[Profiling Report] Profiling qwen3-14B decode attention

### What was profiled

- **Workload:** qwen3-14B single decode layer (golden unit test), batch=16, varied sequence lengths, fp16/bf16, on a2a3 (910B), passed validation.
- **Tool:** simpler `tracr` branch runtime profiler (TraCR), capturing the AICPU scheduler + AICore execution timeline directly on device.
- **Capture:** **6,515 trace events** across **77 channels** — 4 AICPU scheduler threads, 24 AICube cores, 48 AIVector cores — with scheduler markers (`Orchestrating`, `Scheduling`, `Phase1–4`, `Drain`) and per-task execution (`Running_Task_Single/Pair`); kernels identified by task id.

### Key finding: the in-layer attention timeline has far fewer bubbles than the standalone example

Both settings compute the **same** paged-attention GQA, and the attention kernel itself has the **same inherent bubbles** in both. The difference is **what else is on the timeline to hide them**:

- **The decode layer dispatches ~30 kernels** (`q/k/v_proj`, `qk_norm`, `rope_qkv`, `fa_fused`, `online_softmax`, `out_proj`, `gate/up/down_proj`, `silu`, …).
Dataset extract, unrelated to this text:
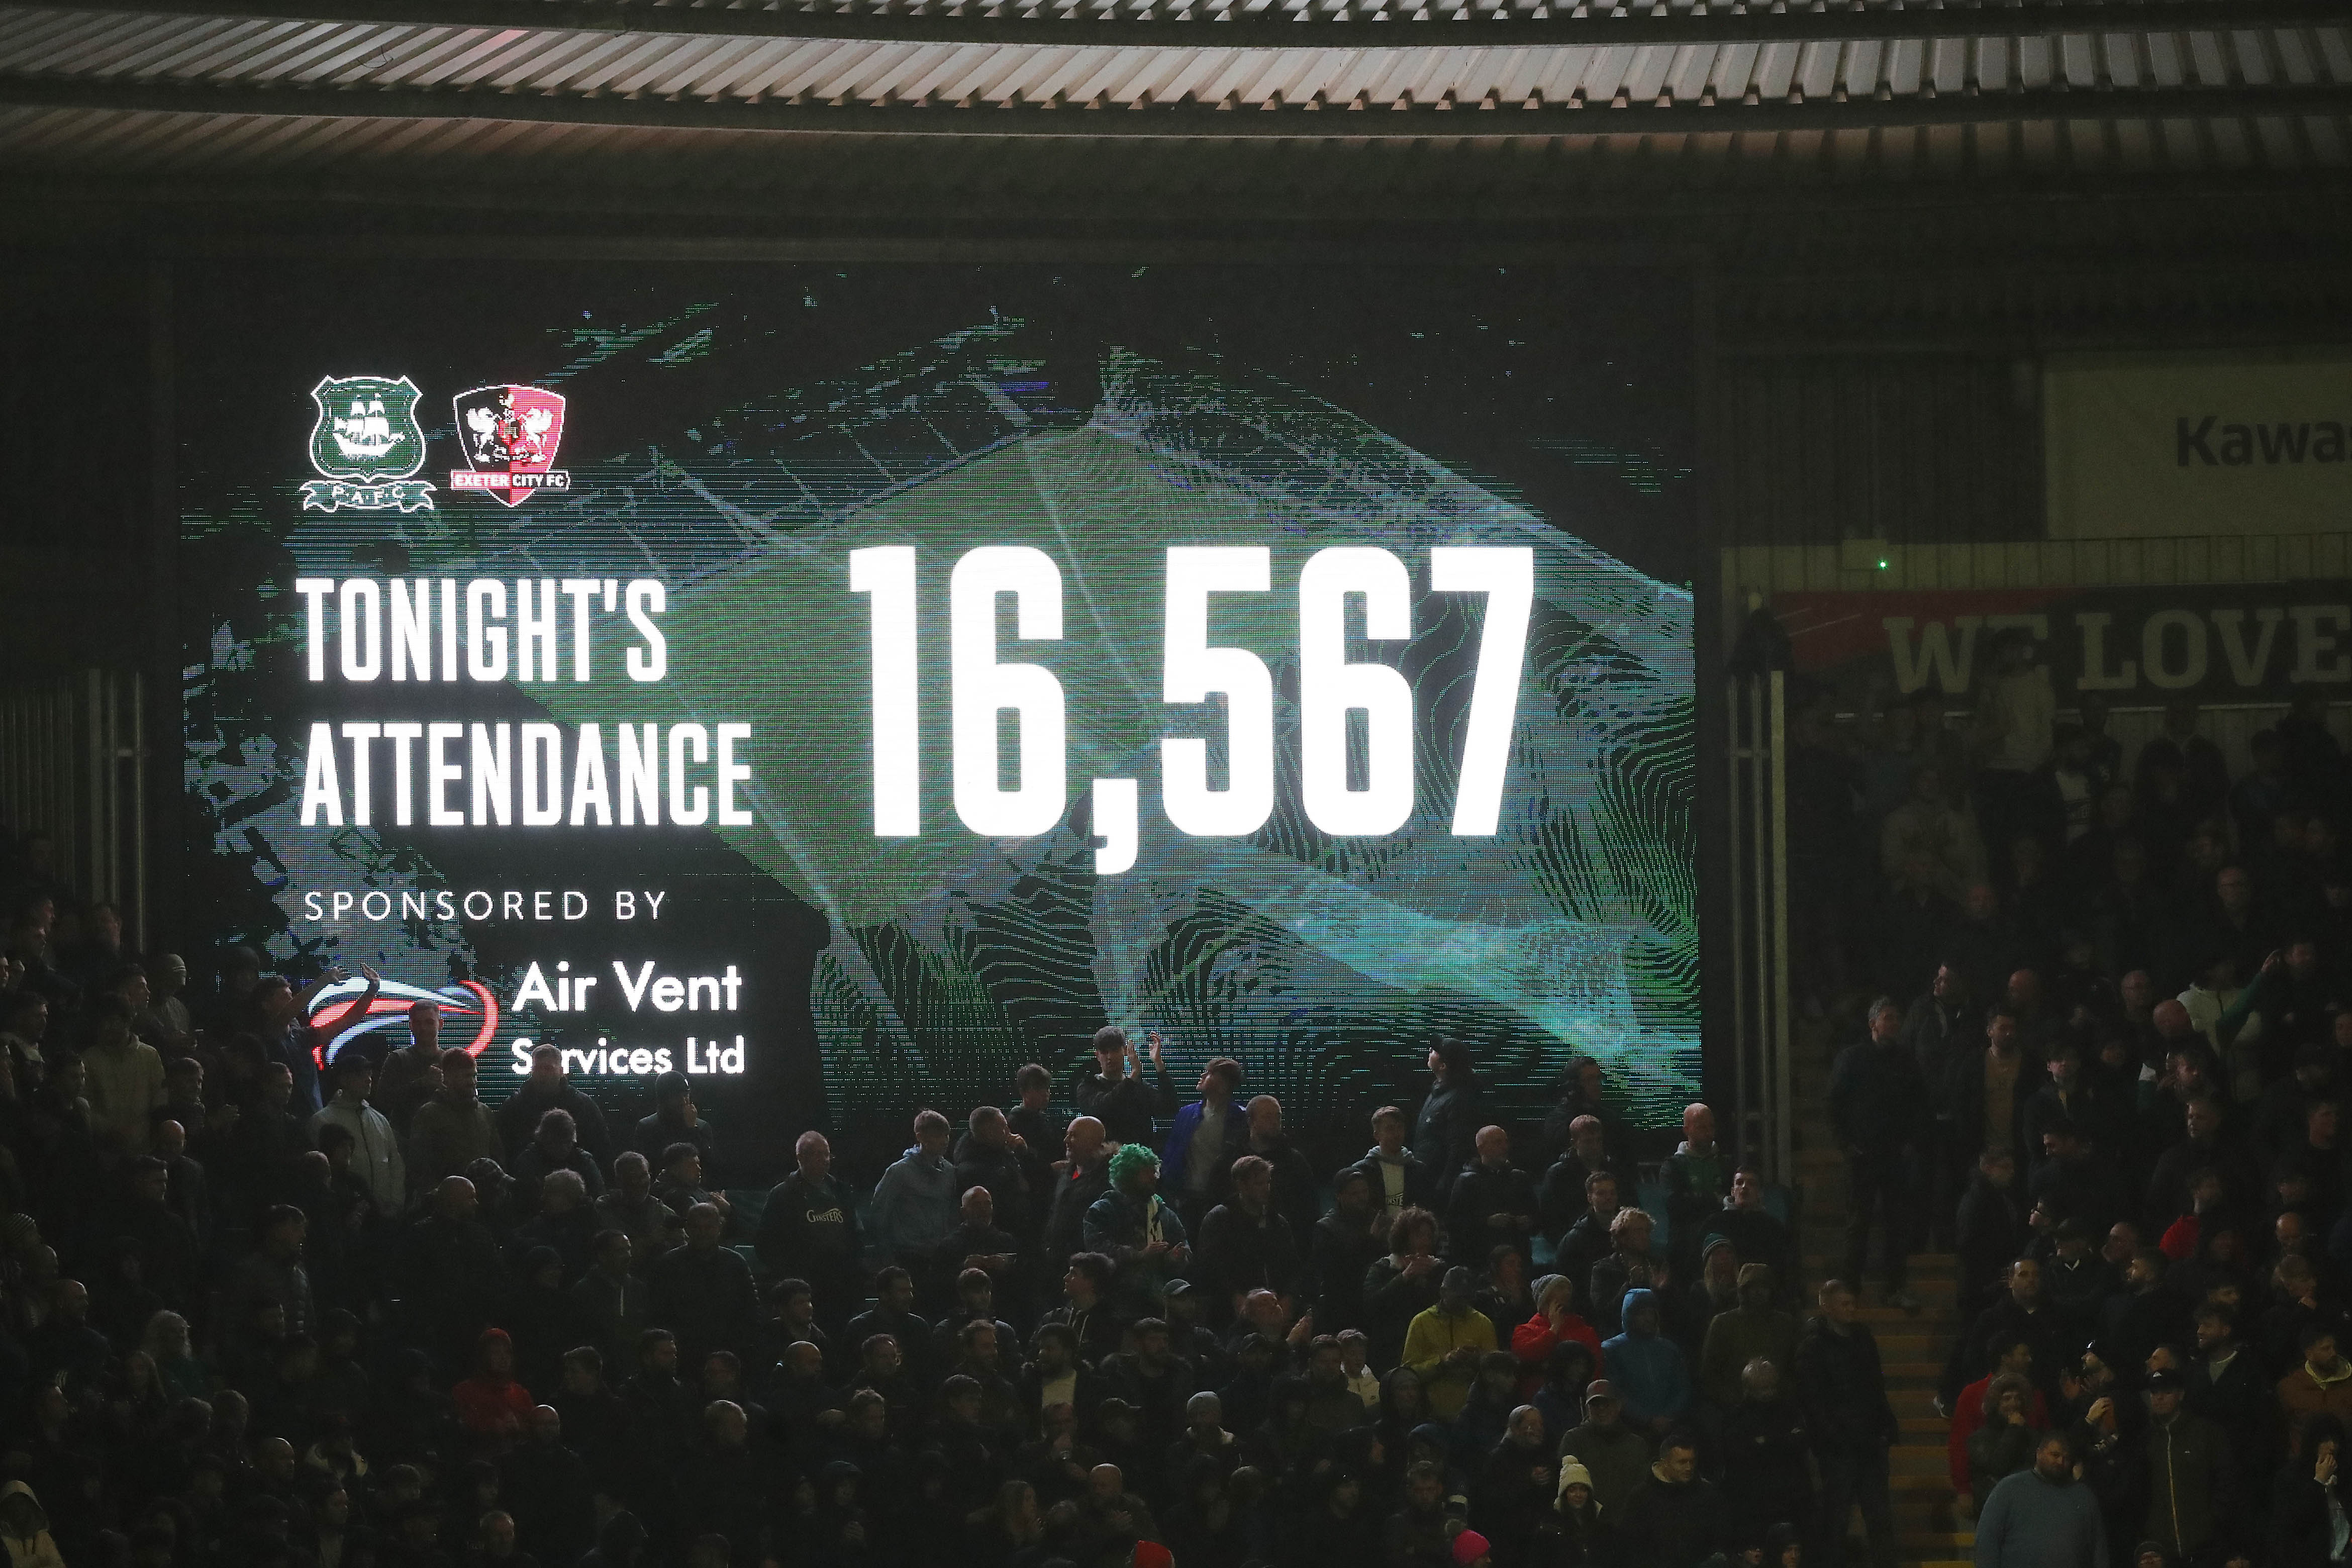 Big screen showing attendance at Devon derby

Attention is only **2 of them**. The compute-bound projection/MLP matmuls keep the 24 AICube cores saturated, so whenever attention stalls, the scheduler has other independent work running on those cores.
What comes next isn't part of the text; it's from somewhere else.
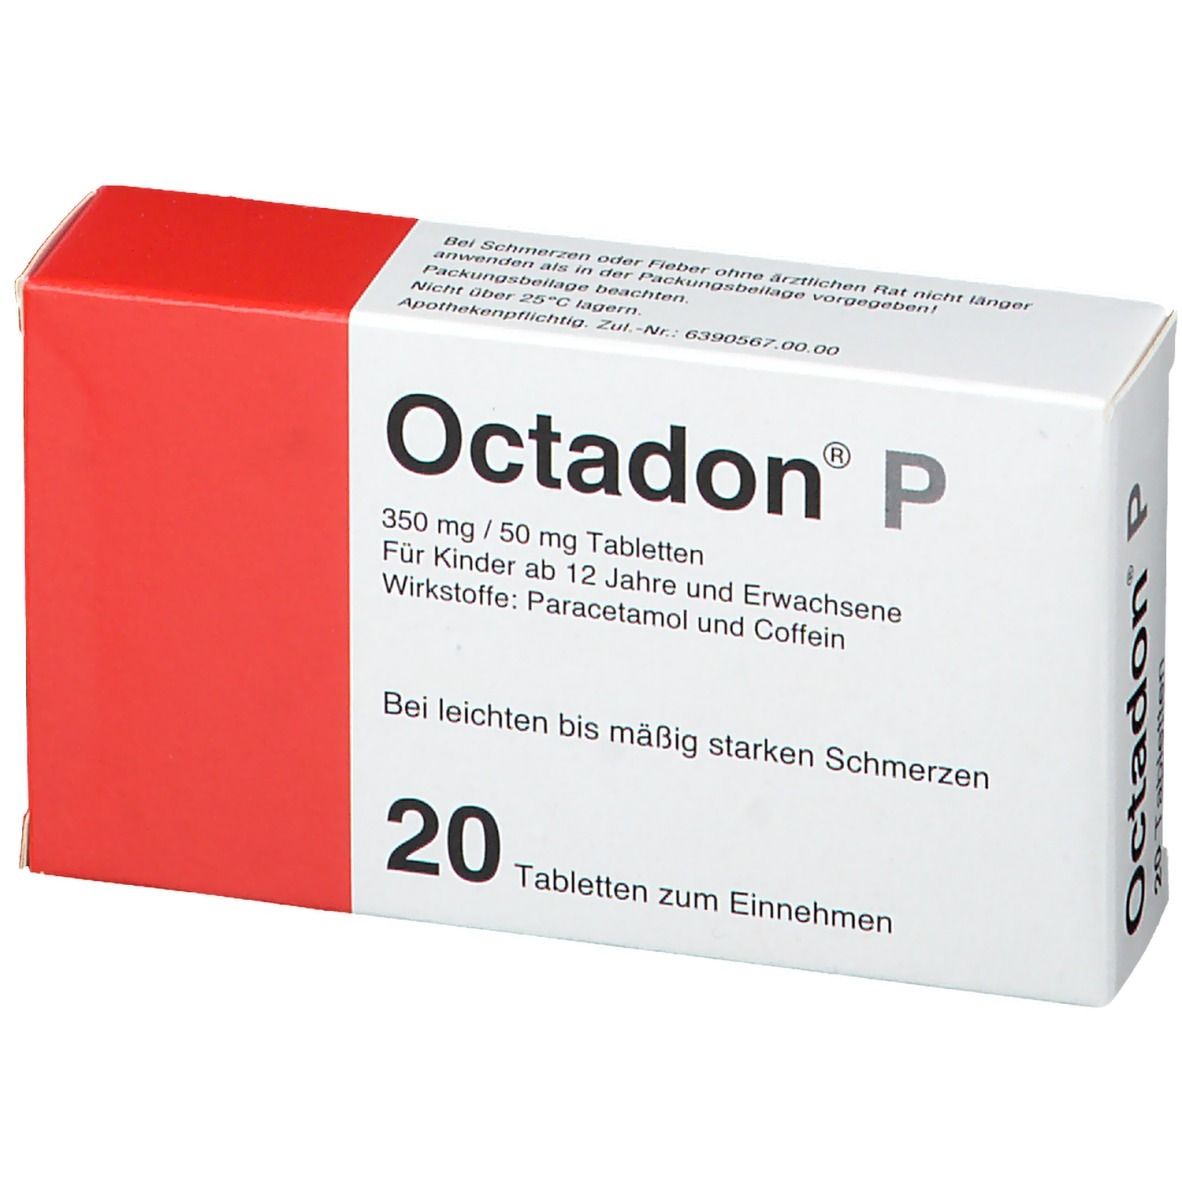 Octadon® P
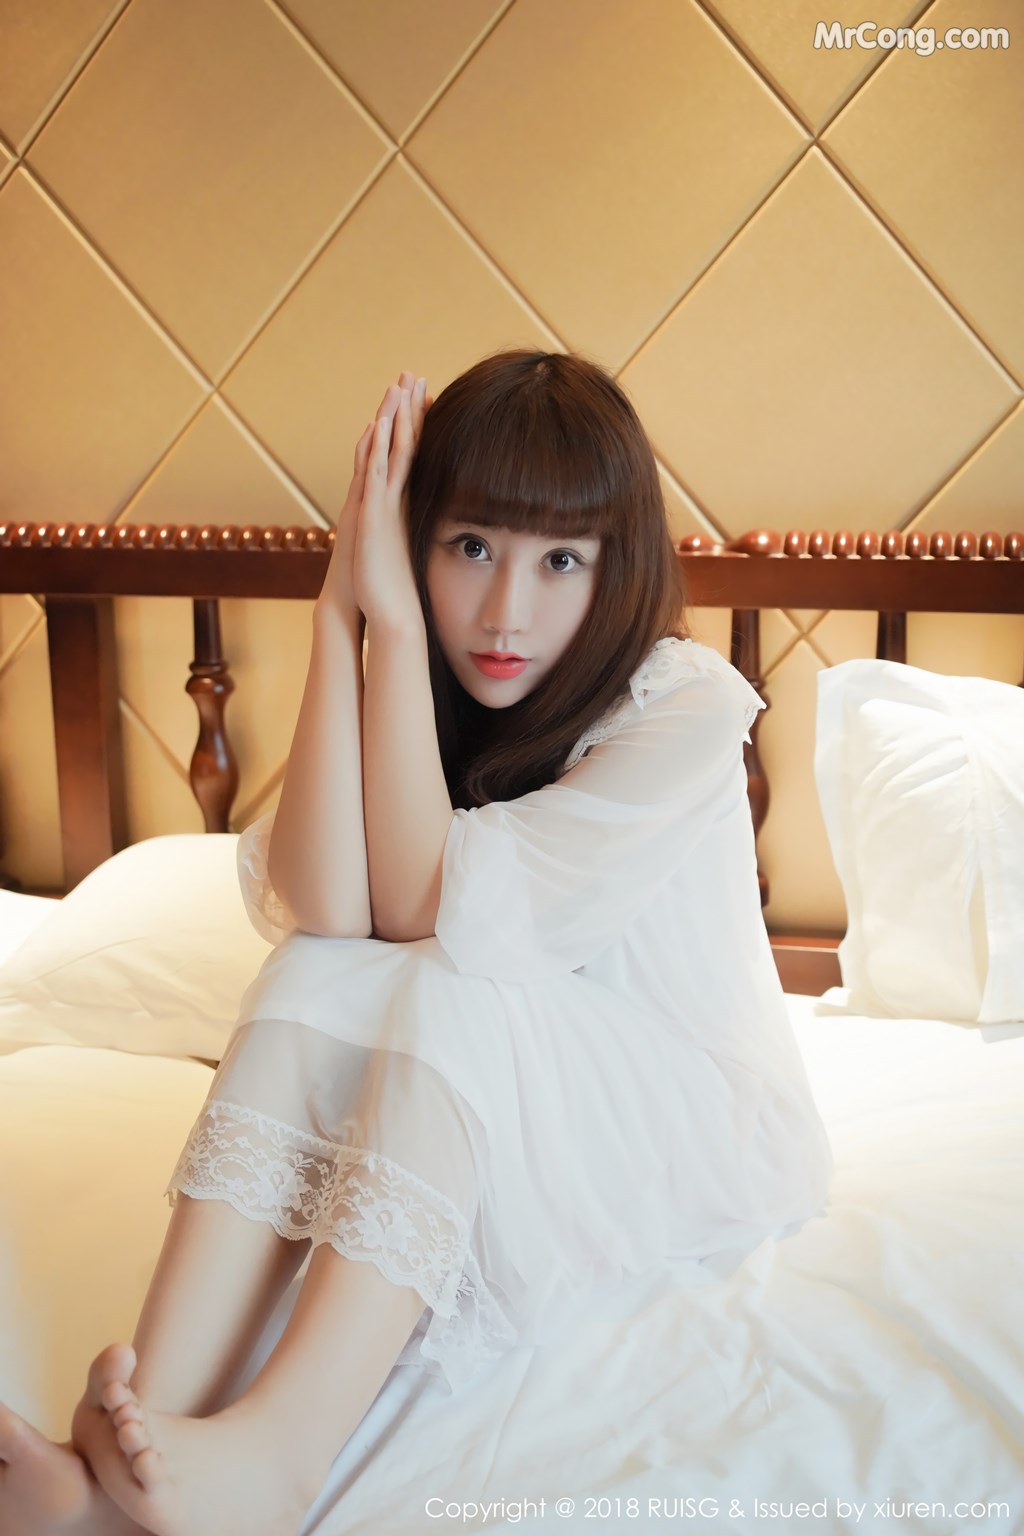 RuiSG Vol.043: Model Xia Xiao Xiao (夏 笑笑 Summer) (43 photos)

- **Standalone paged attention has nothing to overlap with**, so its inherent stalls are fully exposed as bubbles:
  - *memory-bound* — it streams the KV cache with low arithmetic intensity, so cores wait on HBM;
  - *serial QK → softmax → SV chain* that ping-pongs between AIC (cube matmuls) and AIV (vector softmax), each idling while the other runs;
  - *low decode parallelism* — only batch×kv_heads small work items, not enough to fill 24 cube + 48 vector cores.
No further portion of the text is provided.